-- TASK TO CARRY OUT --
Each line below from the "Cartoon-Illustration von zwei" line through the "Volkswagen Ekim 2023" line, those two included, must be restated word for word; the pictures must not be.

-- MATERIAL SUPPLIED --
──────

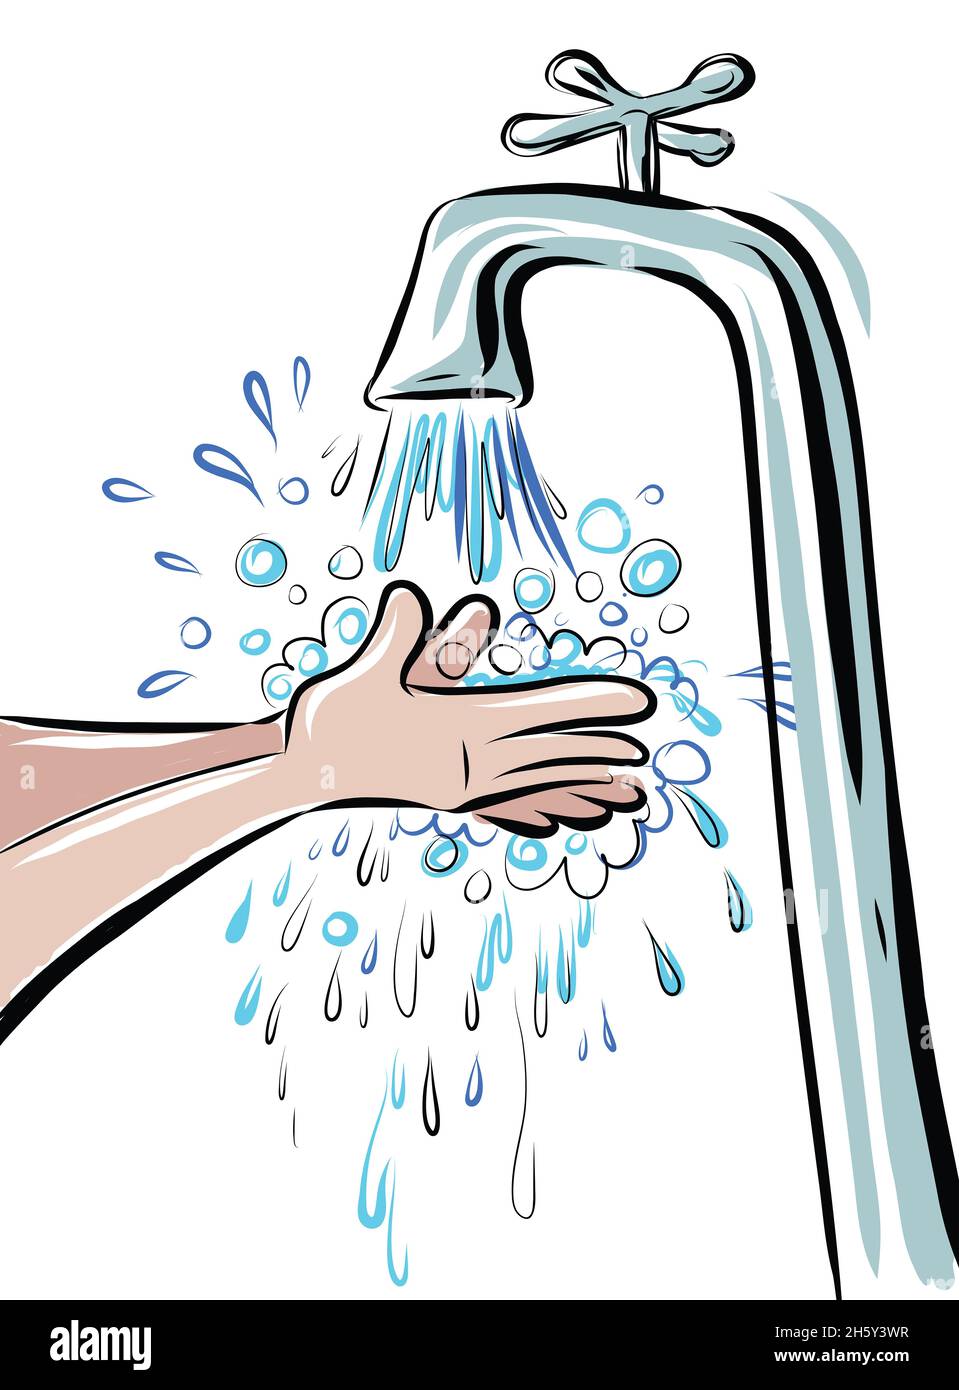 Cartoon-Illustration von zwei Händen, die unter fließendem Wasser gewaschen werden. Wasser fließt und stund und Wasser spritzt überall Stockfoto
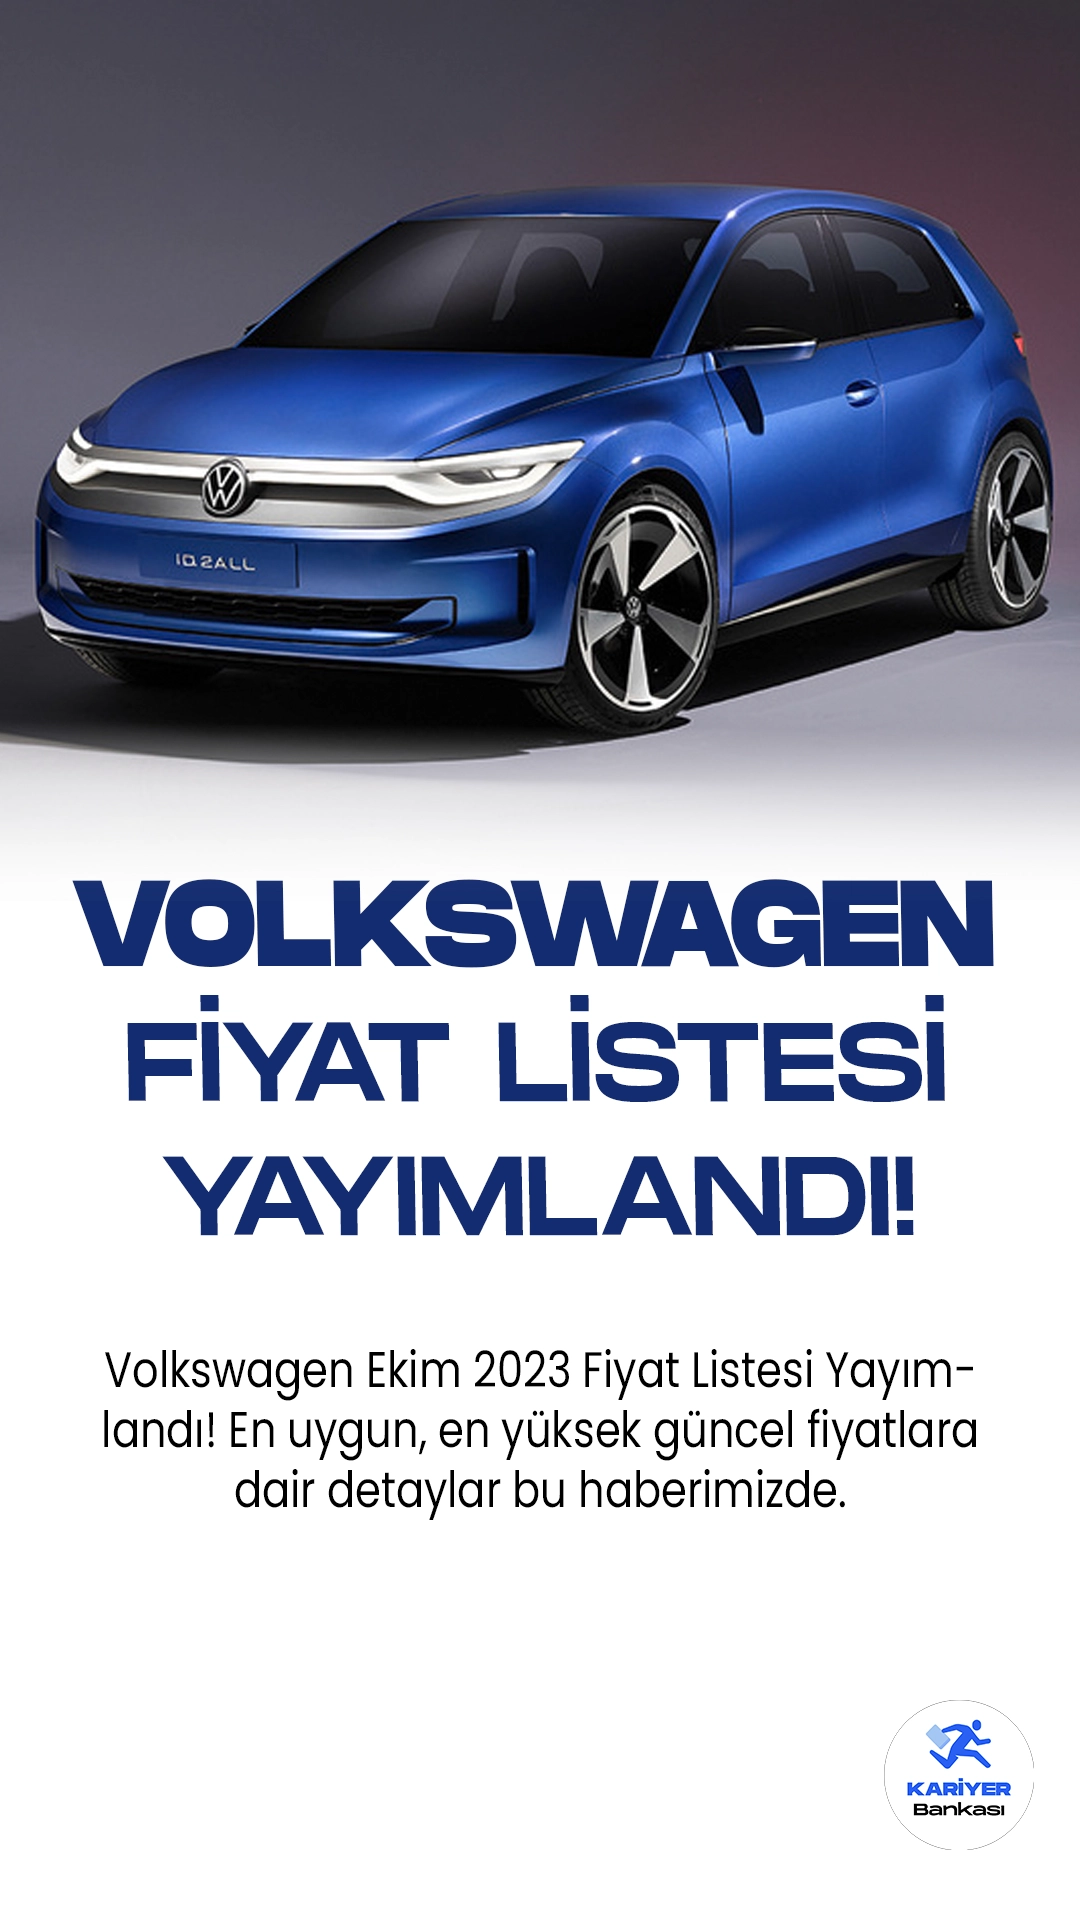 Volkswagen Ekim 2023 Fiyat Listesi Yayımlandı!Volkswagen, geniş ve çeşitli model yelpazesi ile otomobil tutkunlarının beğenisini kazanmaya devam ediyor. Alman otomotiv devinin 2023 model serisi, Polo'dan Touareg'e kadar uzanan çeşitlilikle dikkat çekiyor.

──────

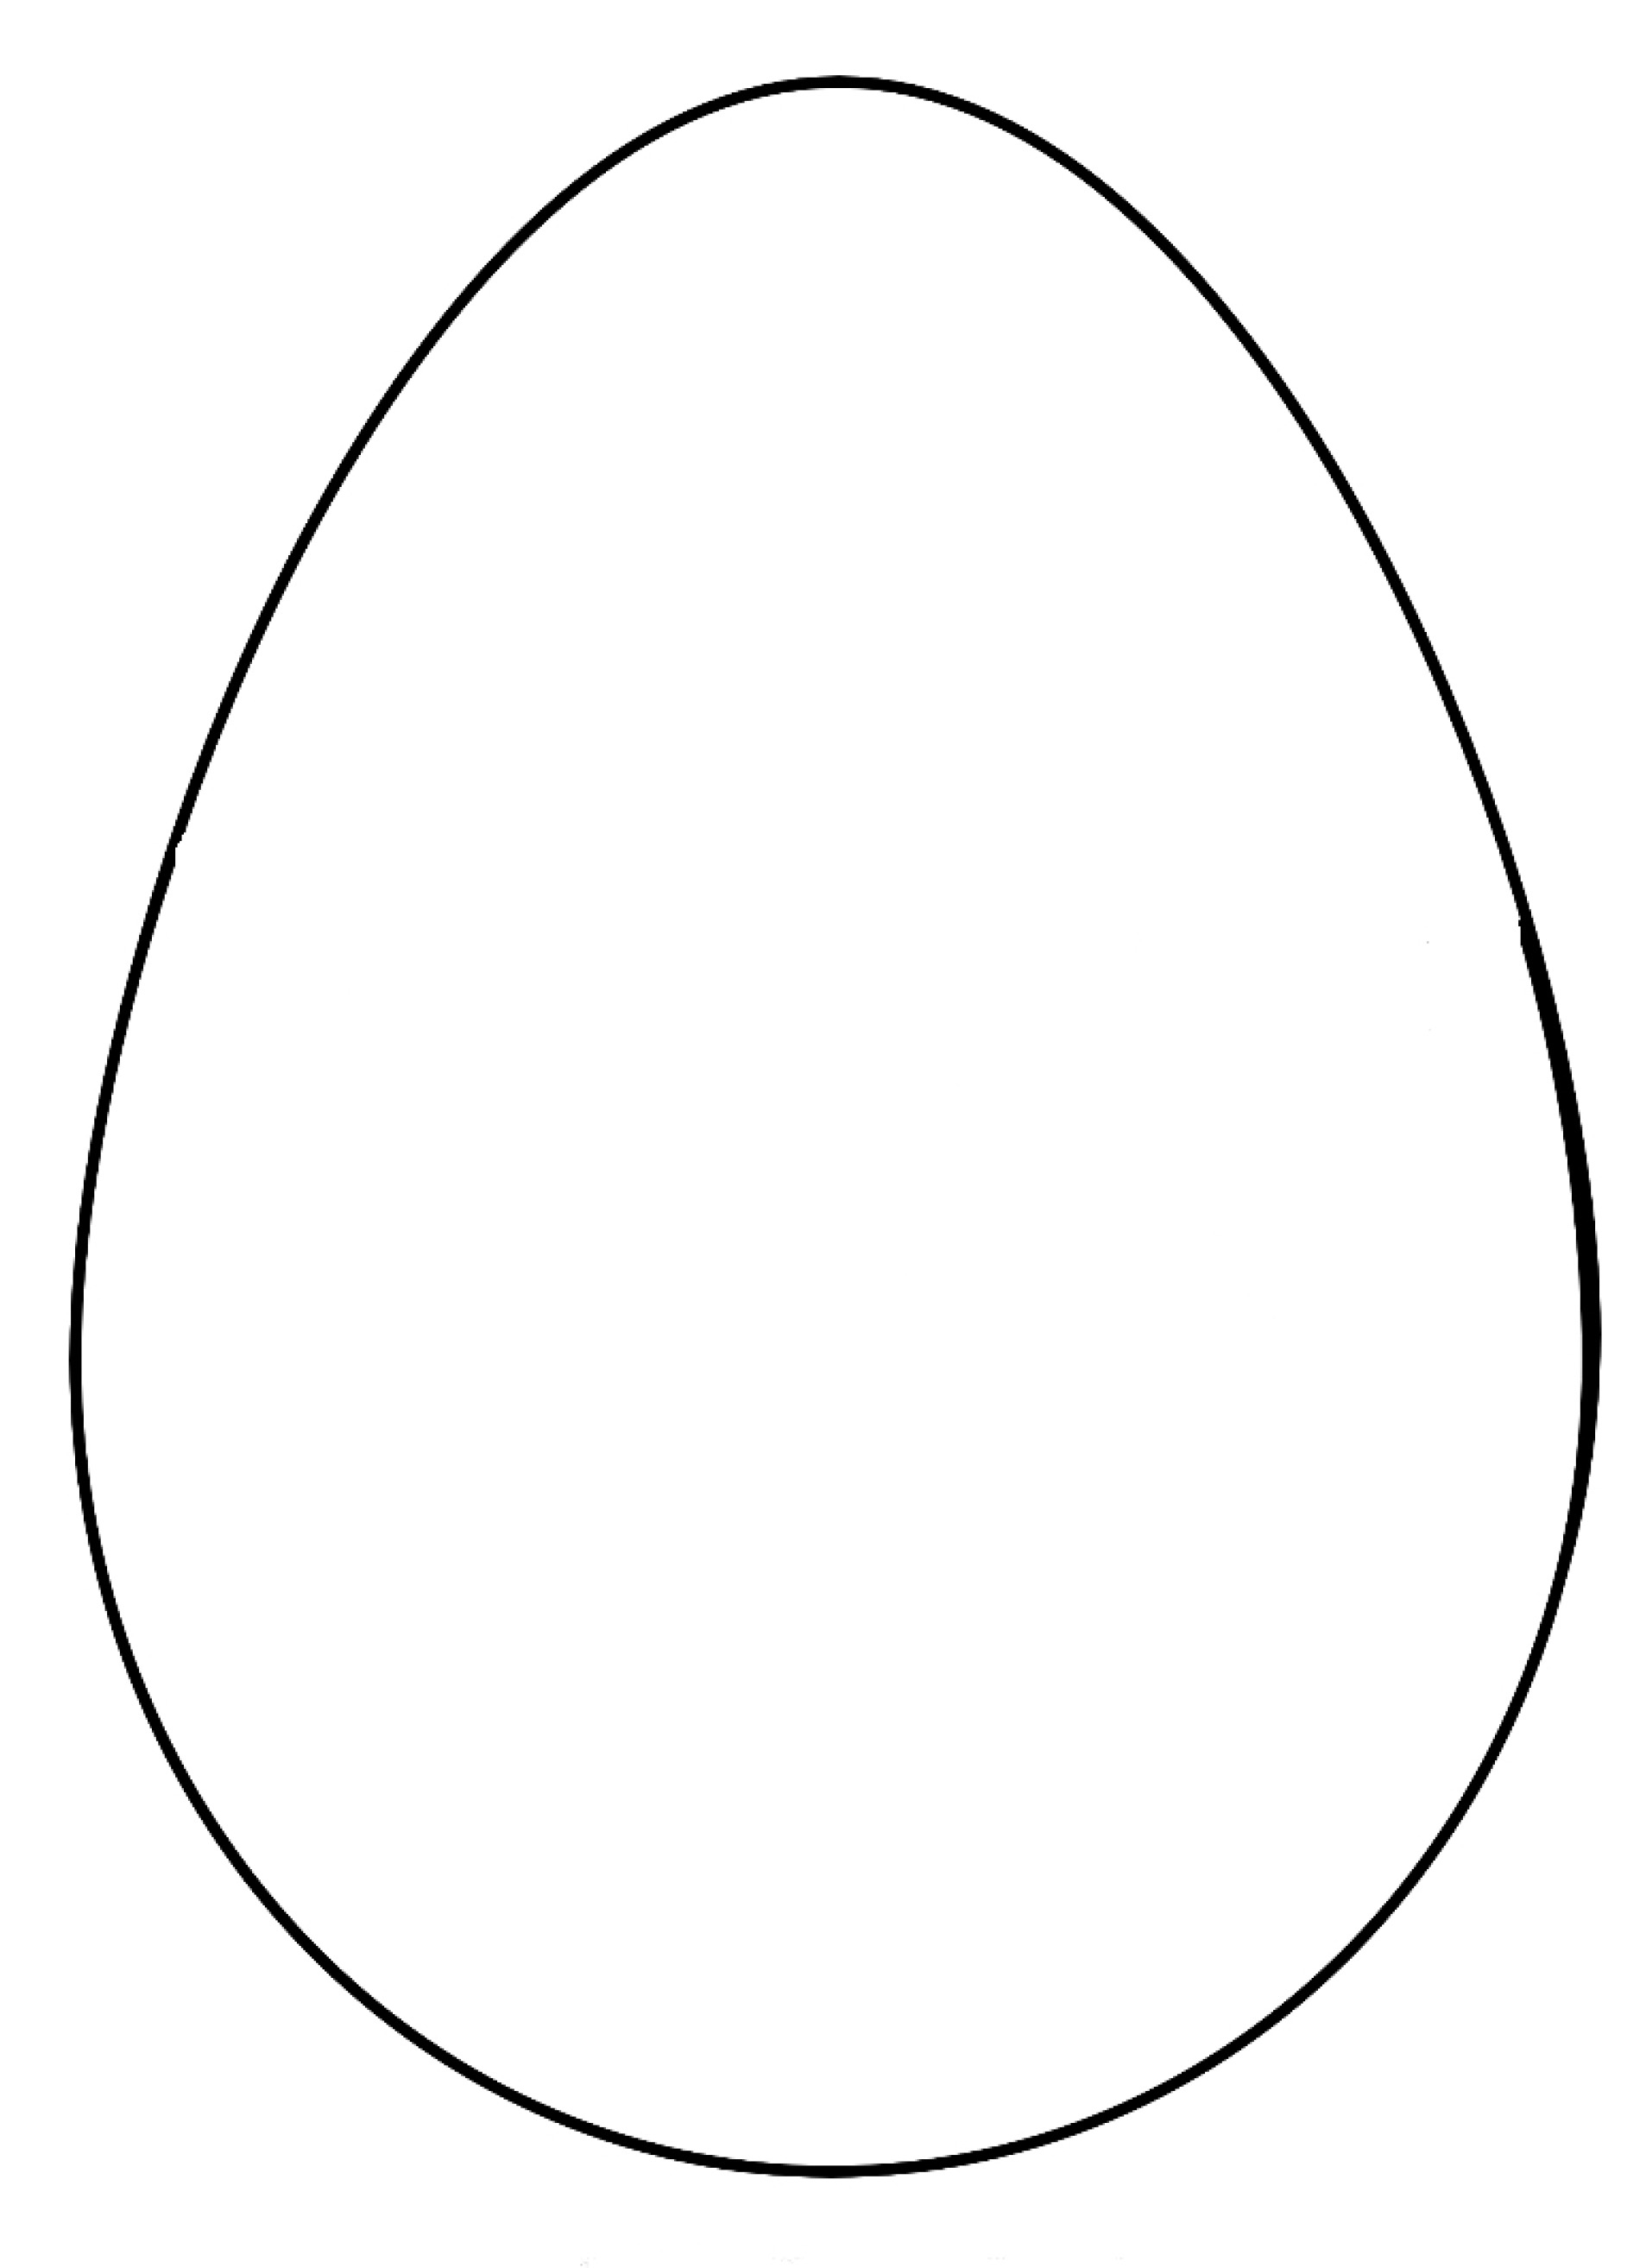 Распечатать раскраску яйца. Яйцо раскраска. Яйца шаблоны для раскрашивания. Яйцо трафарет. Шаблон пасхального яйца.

──────

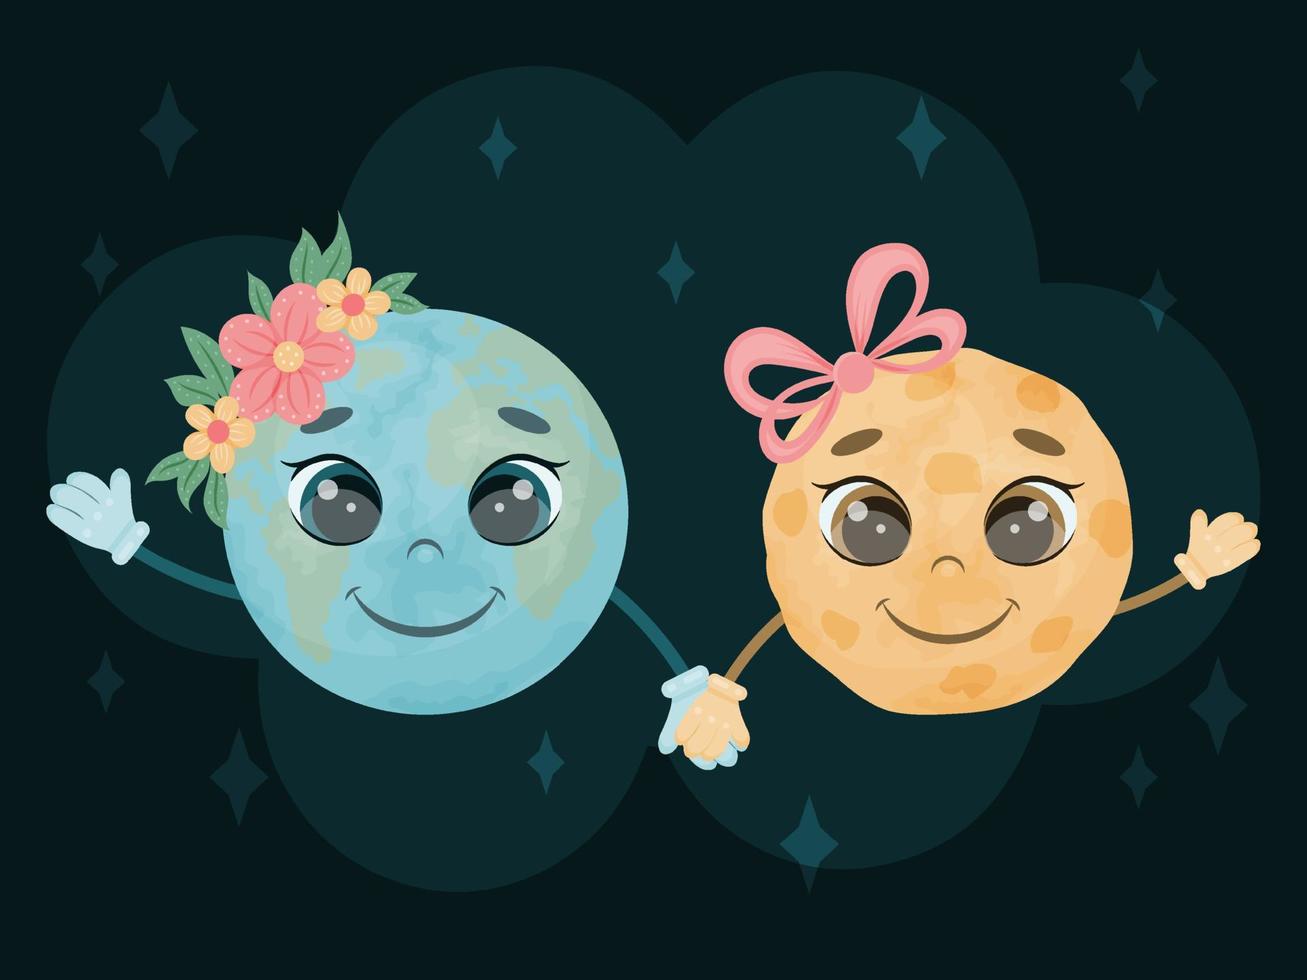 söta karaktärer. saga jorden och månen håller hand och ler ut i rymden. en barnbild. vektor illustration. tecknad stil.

──────

-- RESULT OF THIS EXERCISE --
 Cartoon-Illustration von zwei Händen, die unter fließendem Wasser gewaschen werden. Wasser fließt und stund und Wasser spritzt überall Stockfoto
 Volkswagen Ekim 2023 Fiyat Listesi Yayımlandı!Volkswagen, geniş ve çeşitli model yelpazesi ile otomobil tutkunlarının beğenisini kazanmaya devam ediyor. Alman otomotiv devinin 2023 model serisi, Polo'dan Touareg'e kadar uzanan çeşitlilikle dikkat çekiyor.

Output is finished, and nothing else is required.